Joyce Darlene JONES, Plaintiff–Appellant, v. Michael J. ASTRUE, Commissioner of Social Security, Defendant–Appellee.

No. 11–30975.

Decided: August 20, 2012

Before REAVLEY, SMITH and CLEMENT, Circuit Judges. Paul Brian Spurlock (argued), Disability Law Center, Inc., New Orleans, LA, for Plaintiff–Appellant. Thomas Edward Chandler, Asst. Reg. Counsel (argued), Social Security Administration, Office of the General Counsel Region IV, Dallas, TX, John Joseph Gaupp, Asst. U.S. Atty., Baton Rouge, LA, for Defendant–Appellee.

The Commissioner of Social Security determined that Joyce Jones was ineligible for disability benefits, and the district court agreed. On appeal, Jones argues that the administrative law judge (“ALJ”) improperly disregarded evidence from one of her treating physicians without re-contacting him to obtain further documentation. Because (1) the ALJ had no duty to re-contact that physician where the record contained sufficient evidence from other physicians and (2) any error was harmless even if the ALJ were required to re-contact the doctor, we affirm.
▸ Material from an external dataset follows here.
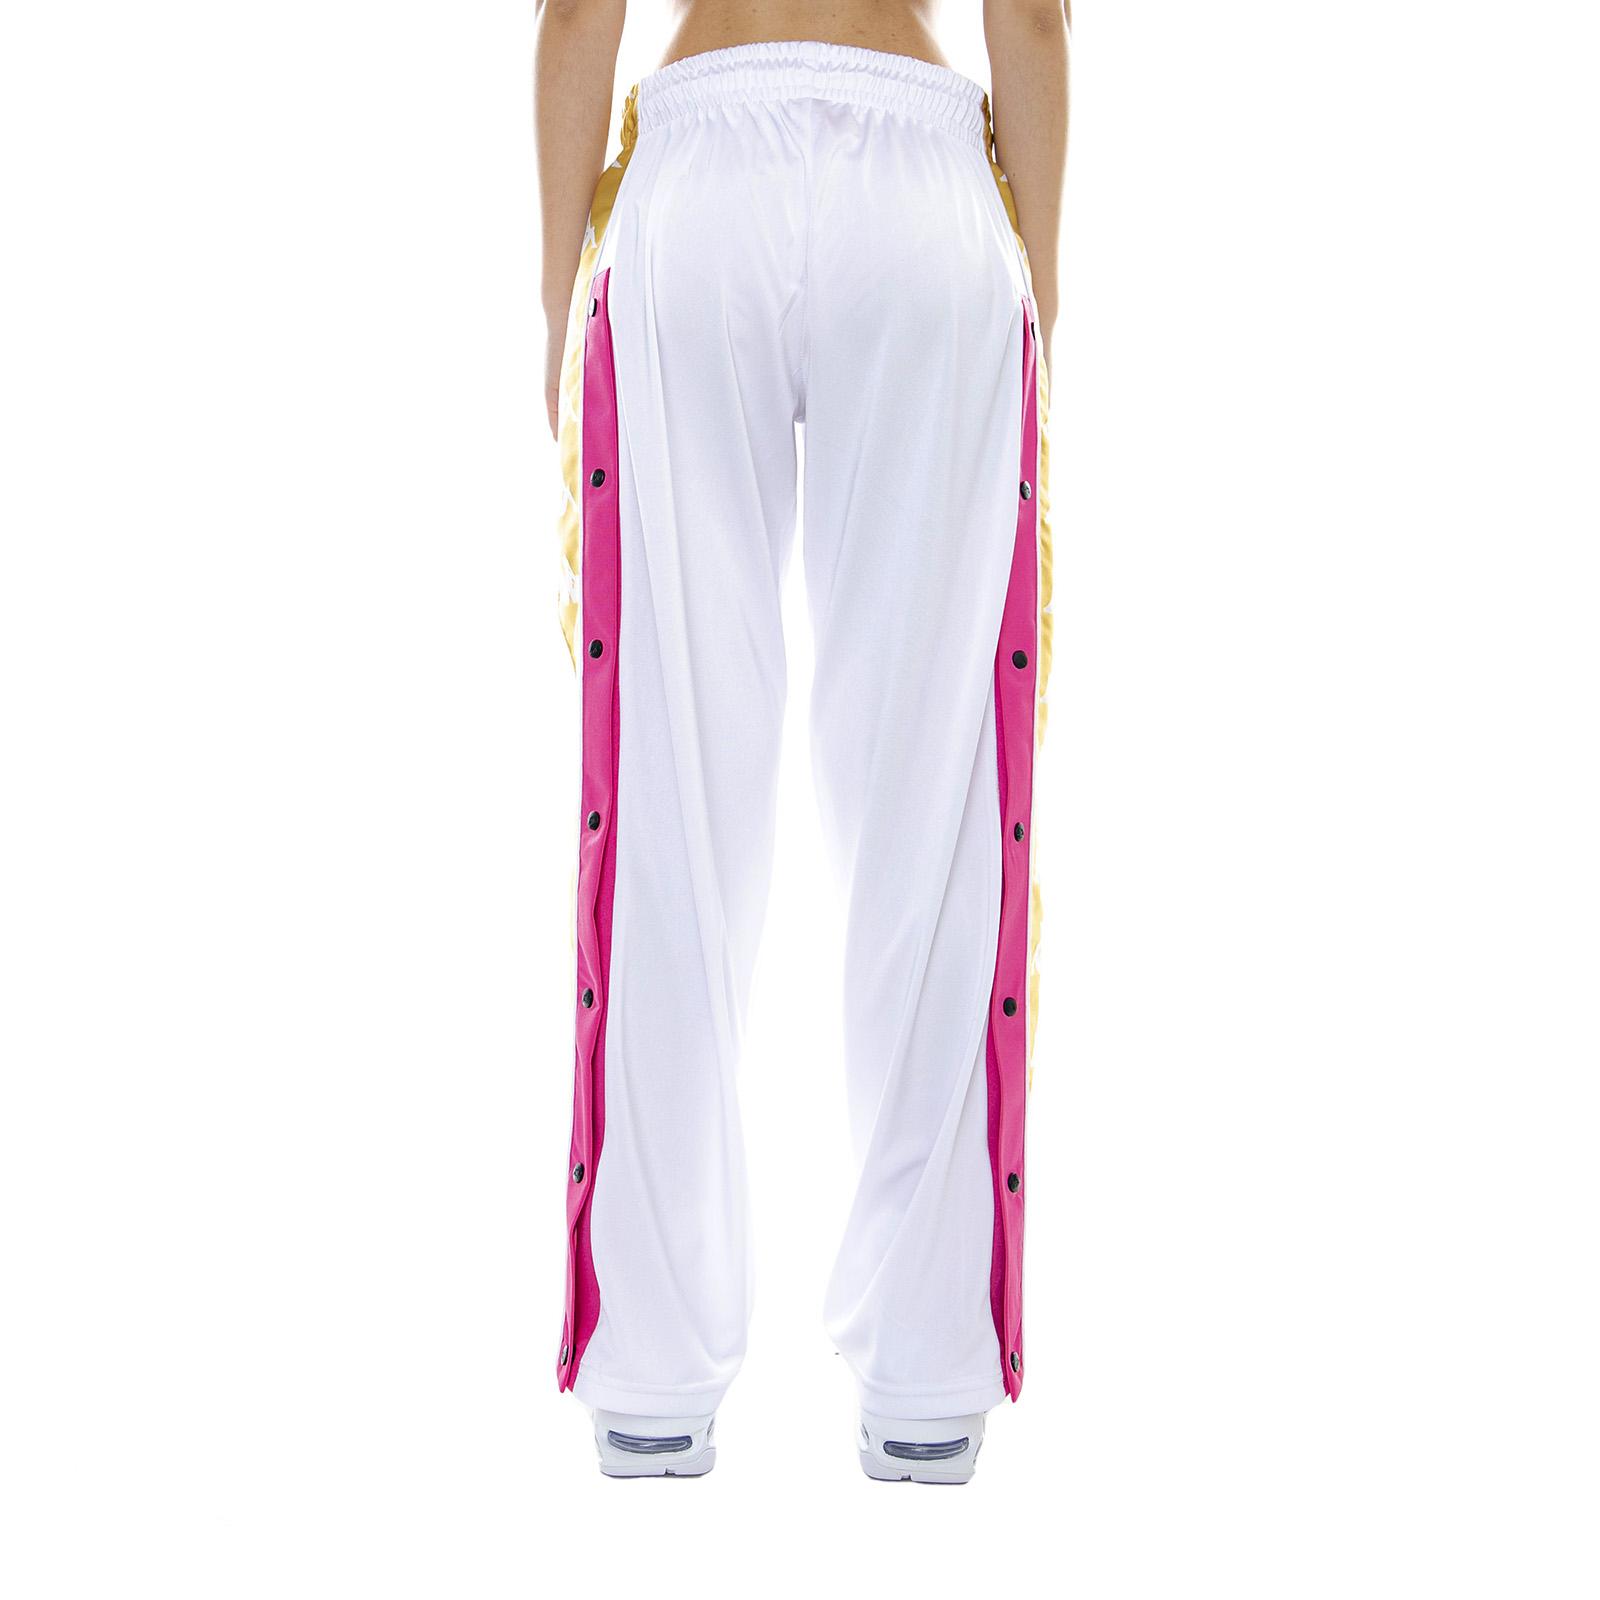 ae4ef007b674 Kappa 222 Banda Baish White/Fuchsia/Yellow - Pantaloni Sportivi Da Donna  Bianco 3 3 di 4 ...

Jones applied for disability insurance benefits (“DIB”) and supplemental security income (“SSI”). The ALJ determined that she was entitled to SSI but denied DIB; the Appeals Council agreed. Jones sought judicial review in the district court, which upheld the Commissioner's decision.
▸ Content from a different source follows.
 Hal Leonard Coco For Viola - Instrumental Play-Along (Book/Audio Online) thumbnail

Jones was last insured for disability benefits on December 31, 2005, so to receive DIB, she must establish disability on or before that date. She filed her initial application in 2004, but that application was denied in April 2005. She requested a hearing, which was conducted in June 2007. The ALJ issued an adverse decision finding that Jones's ailments were severe impairments but did not meet or equal the requirements of any listed impairment.

After consideration of the medical evidence and the record as a whole, the ALJ found that beginning on April 16, 2007, Jones had the residual functional capacity (“RFC”) to lift and carry ten pounds occasionally, stand and walk two hours in a workday, sit six hours in a workday, with the ability to push and pull limited by the weight she was able to lift and carry. The ALJ found that Jones was able to perform detailed but not complex work activities and was able to perform tasks requiring no more than limited interaction with the public. He also found that given Jones's age, education, work experience, and RFC, there were not a significant number of jobs in the national economy that she could perform. Therefore, the ALJ found that beginning April 16, 2007, Jones was disabled and entitled to SSI.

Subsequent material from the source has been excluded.